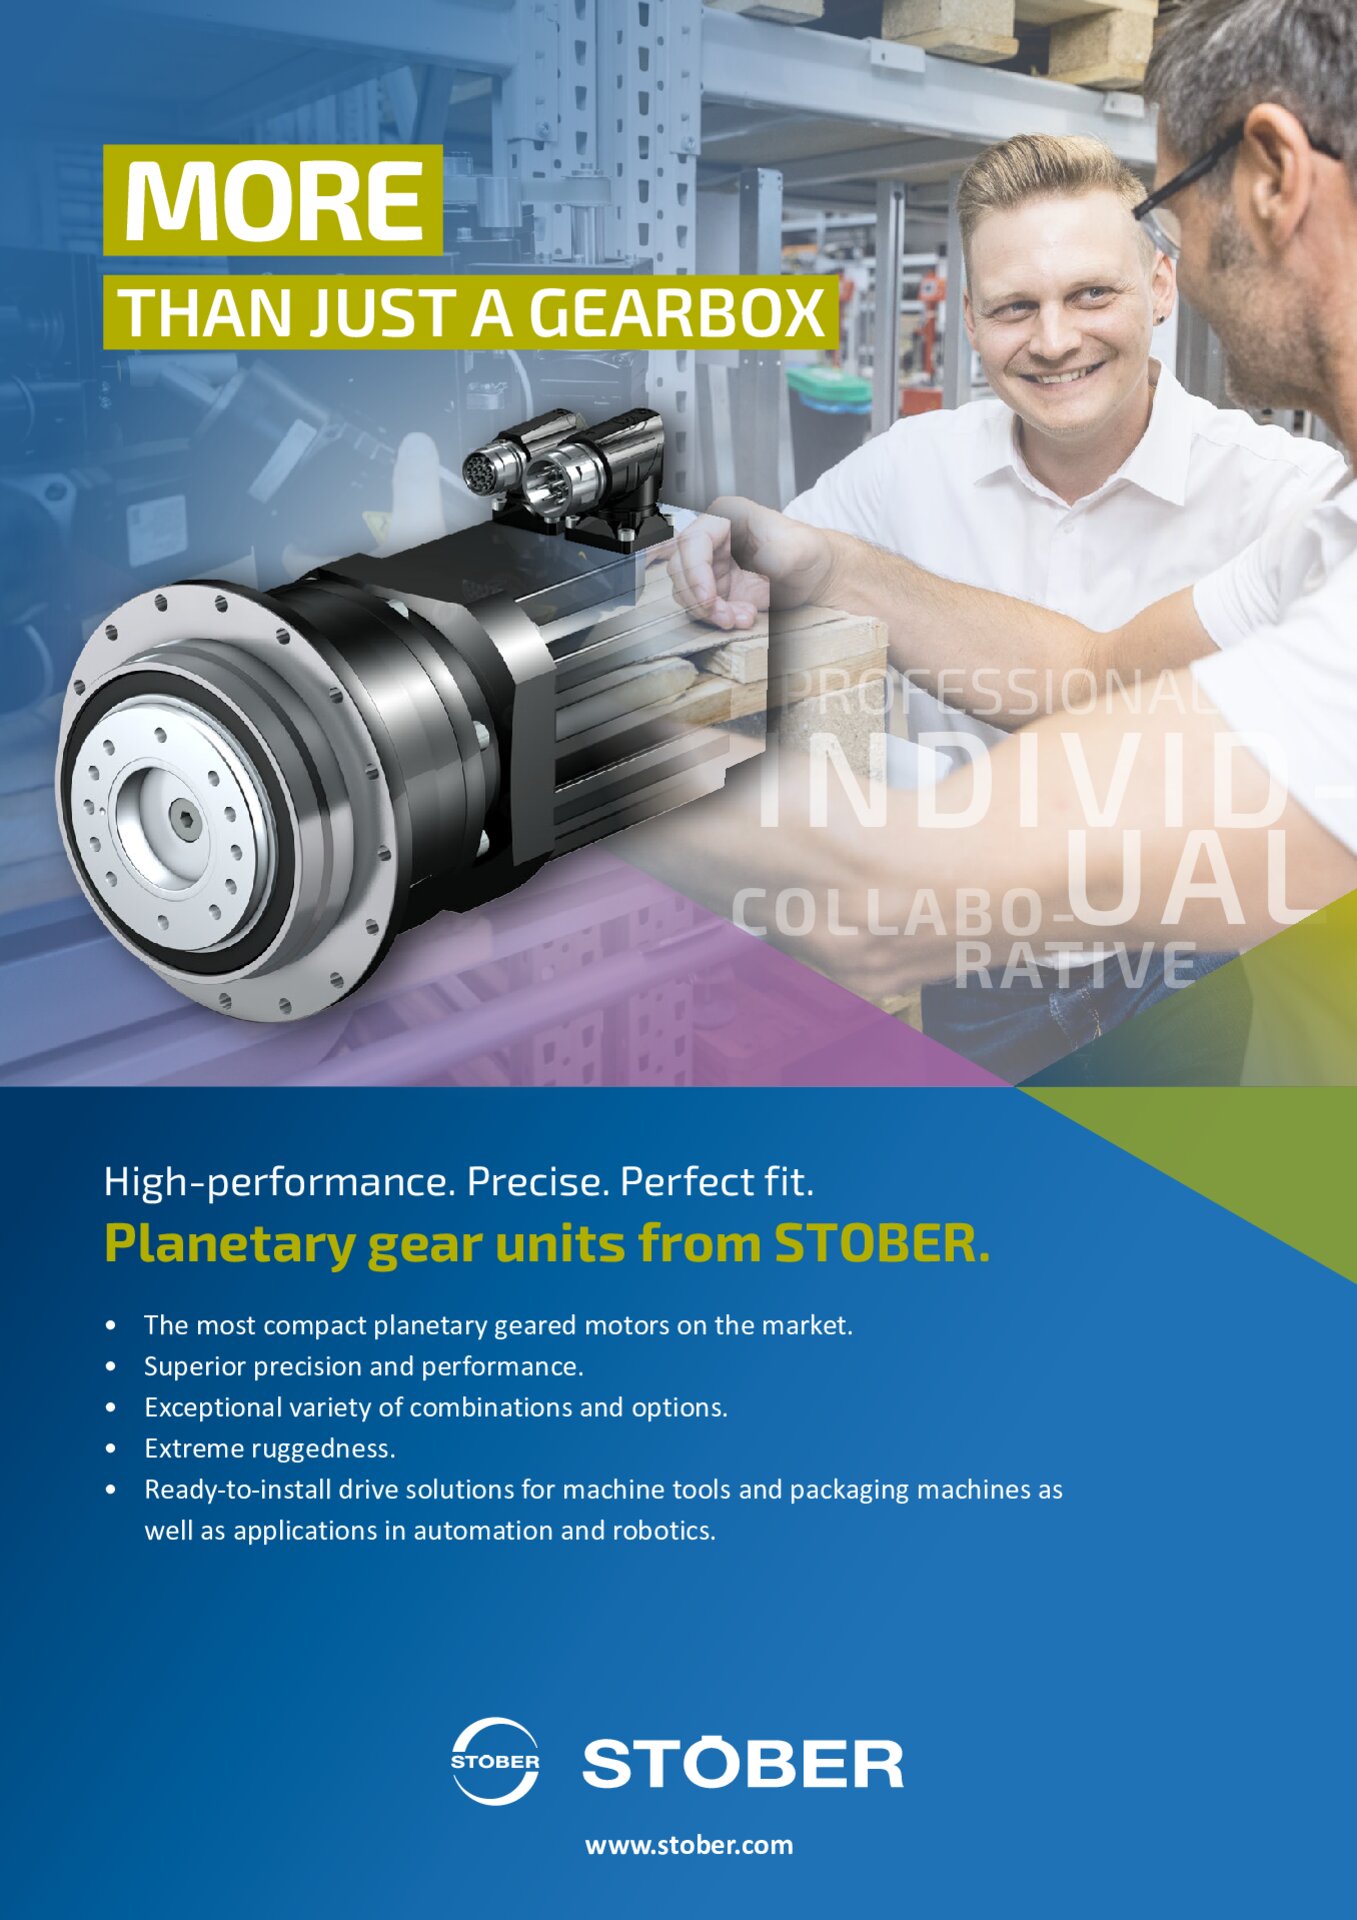 More than just a gearbox
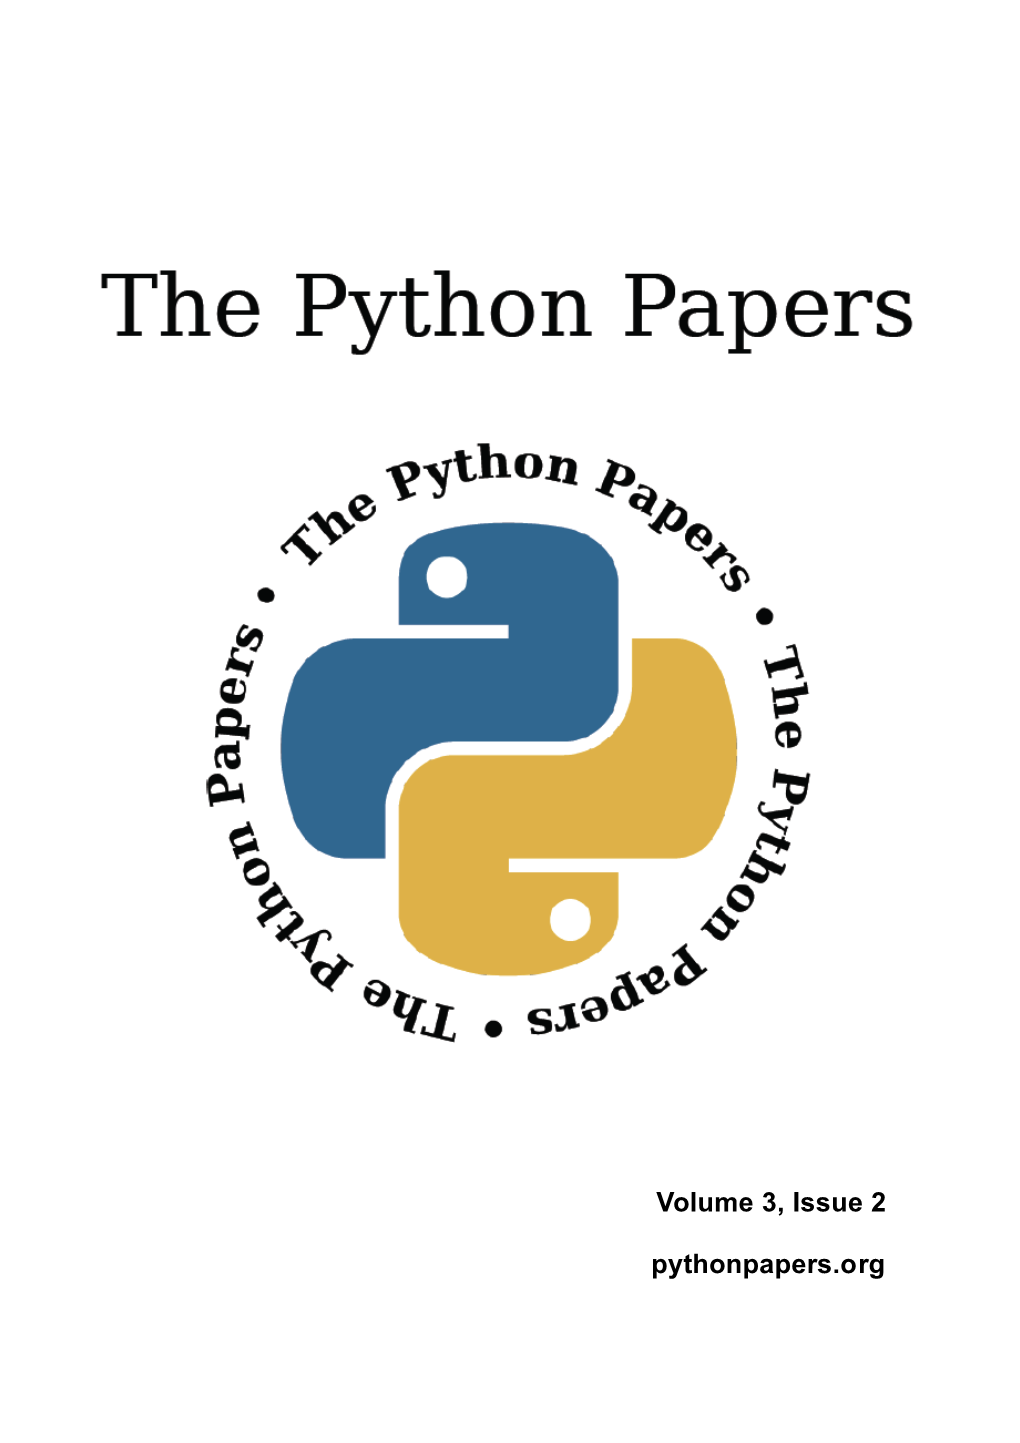 Volume 3, Issue 2 Pythonpapers.Org Journal Information
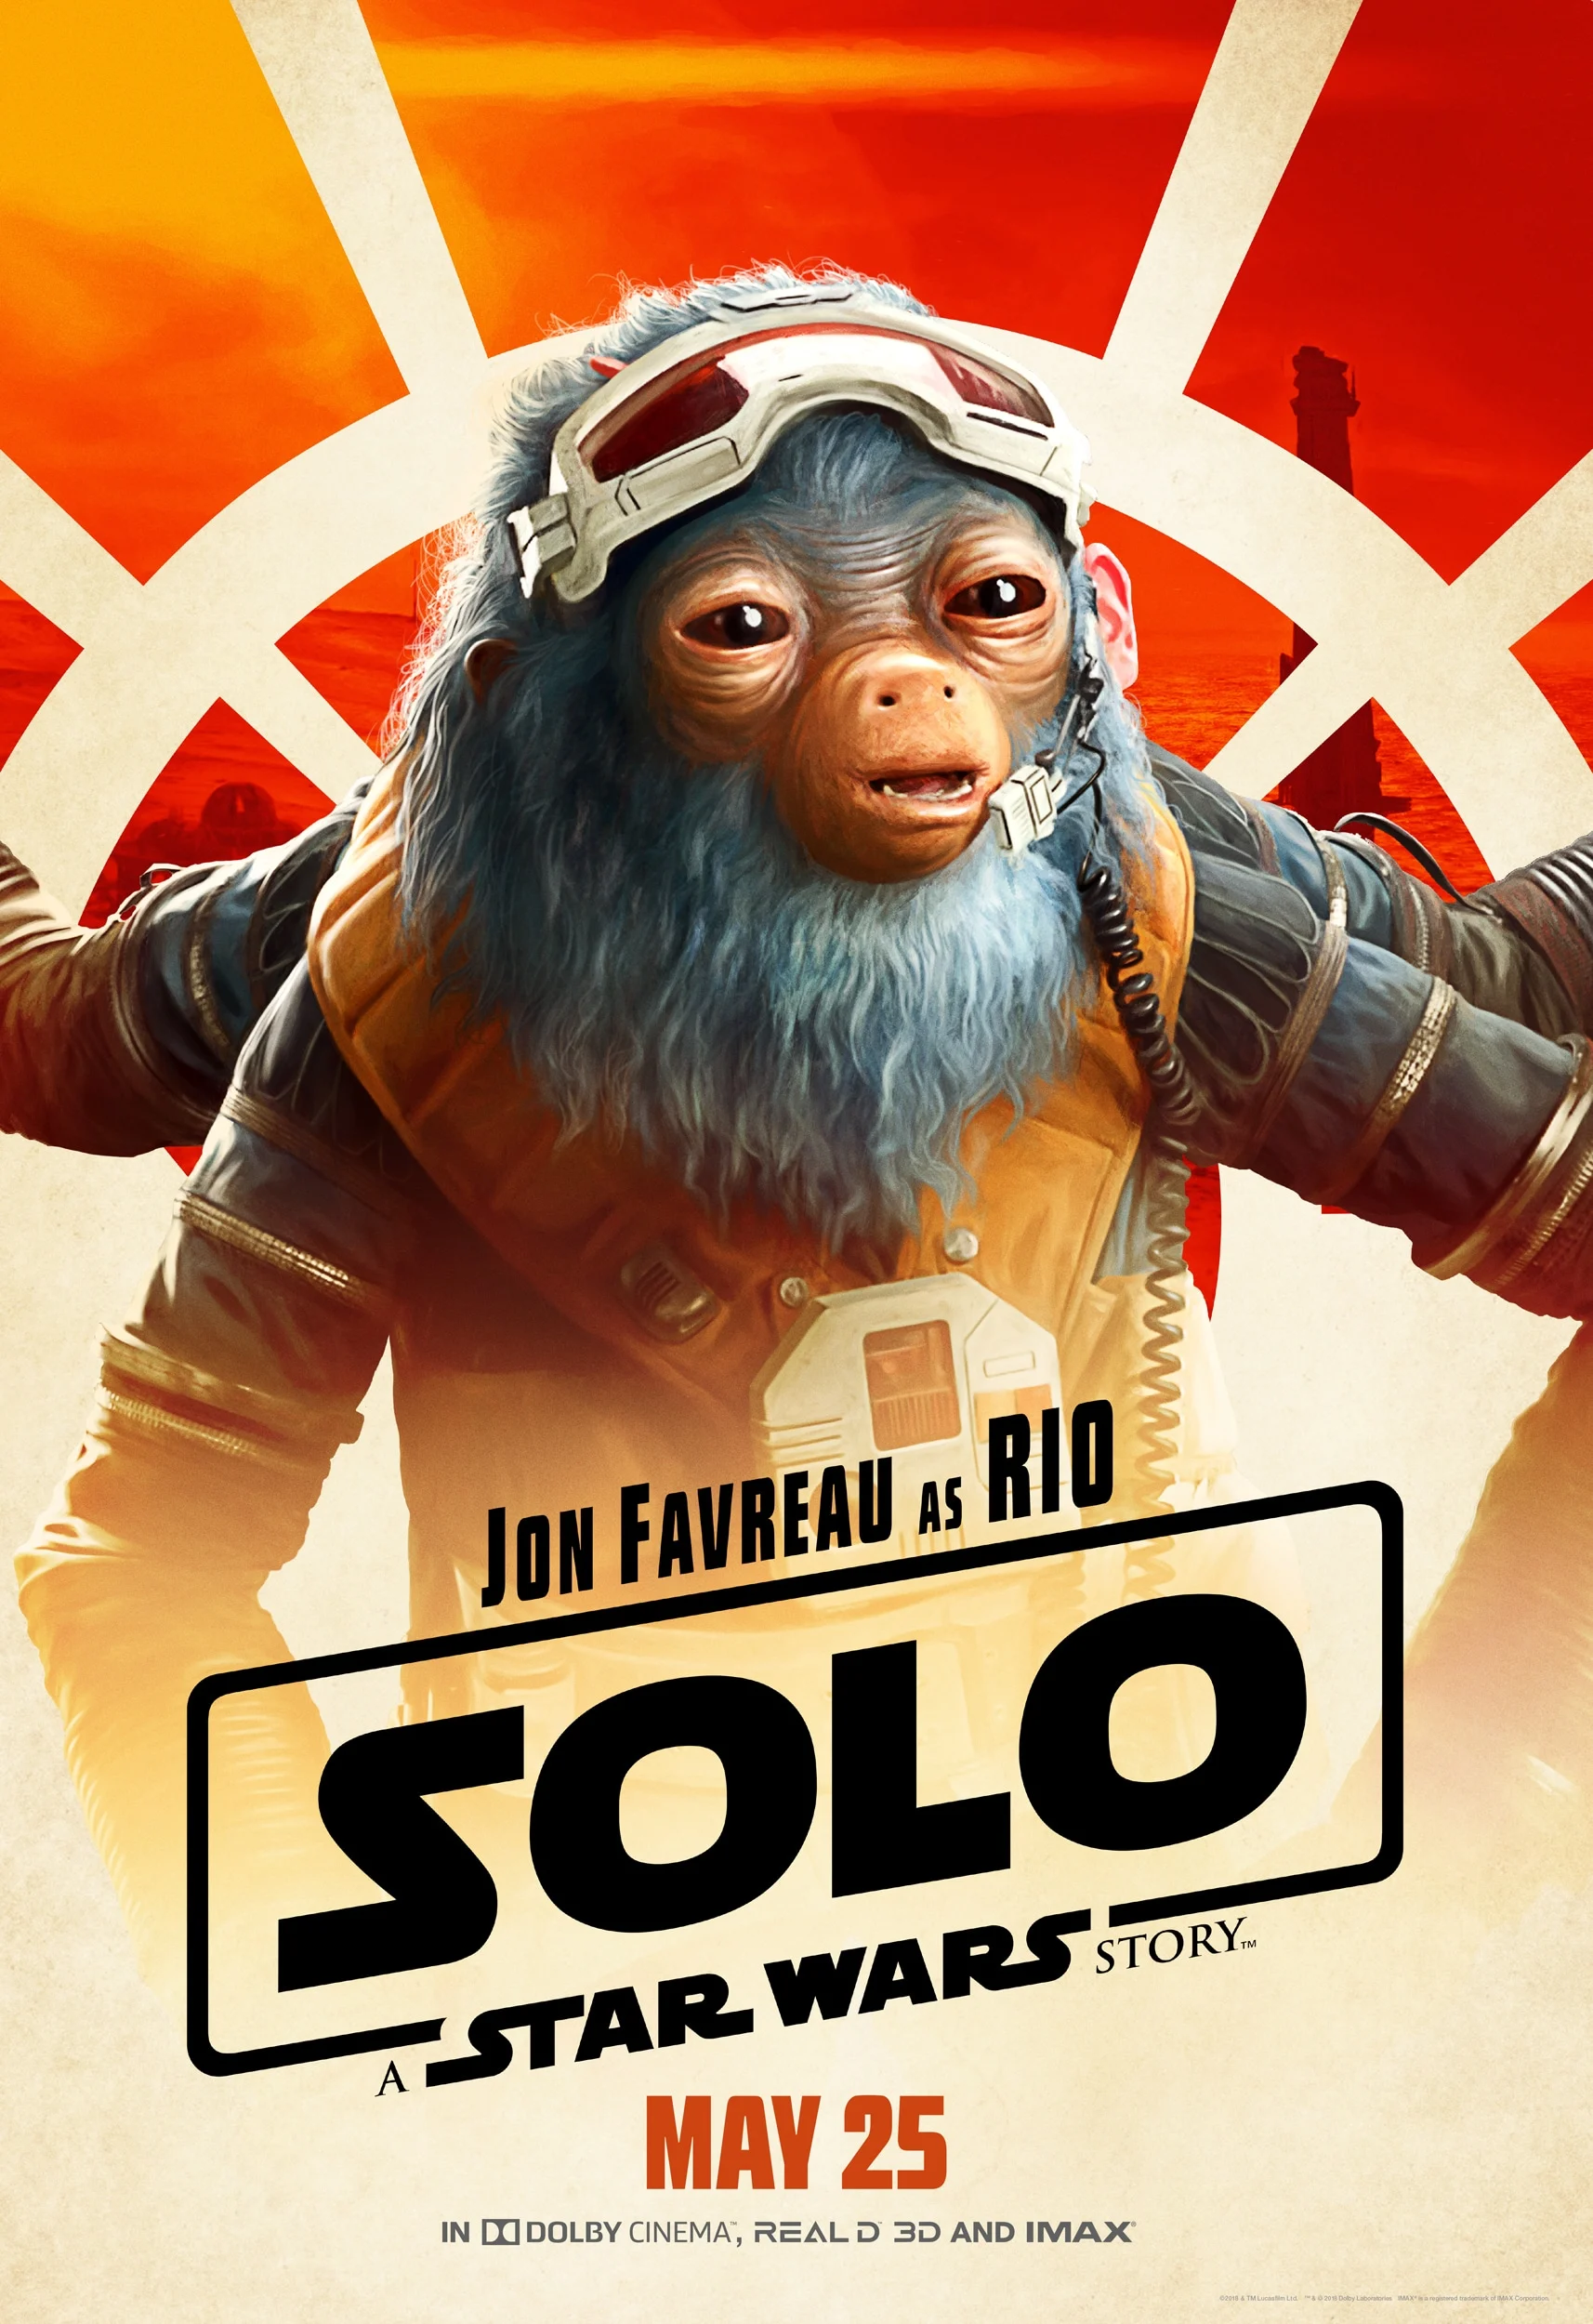 SOLO: A STAR WARS STORY Free Coloring Pages + Activity Sheets! #HanSoloEvent #HanSolo

§ §

The result should be a verbatim copy of the data, free of pictures.

 More than just a gearbox
 Volume 3, Issue 2 Pythonpapers.Org Journal Information
 SOLO: A STAR WARS STORY Free Coloring Pages + Activity Sheets! #HanSoloEvent #HanSolo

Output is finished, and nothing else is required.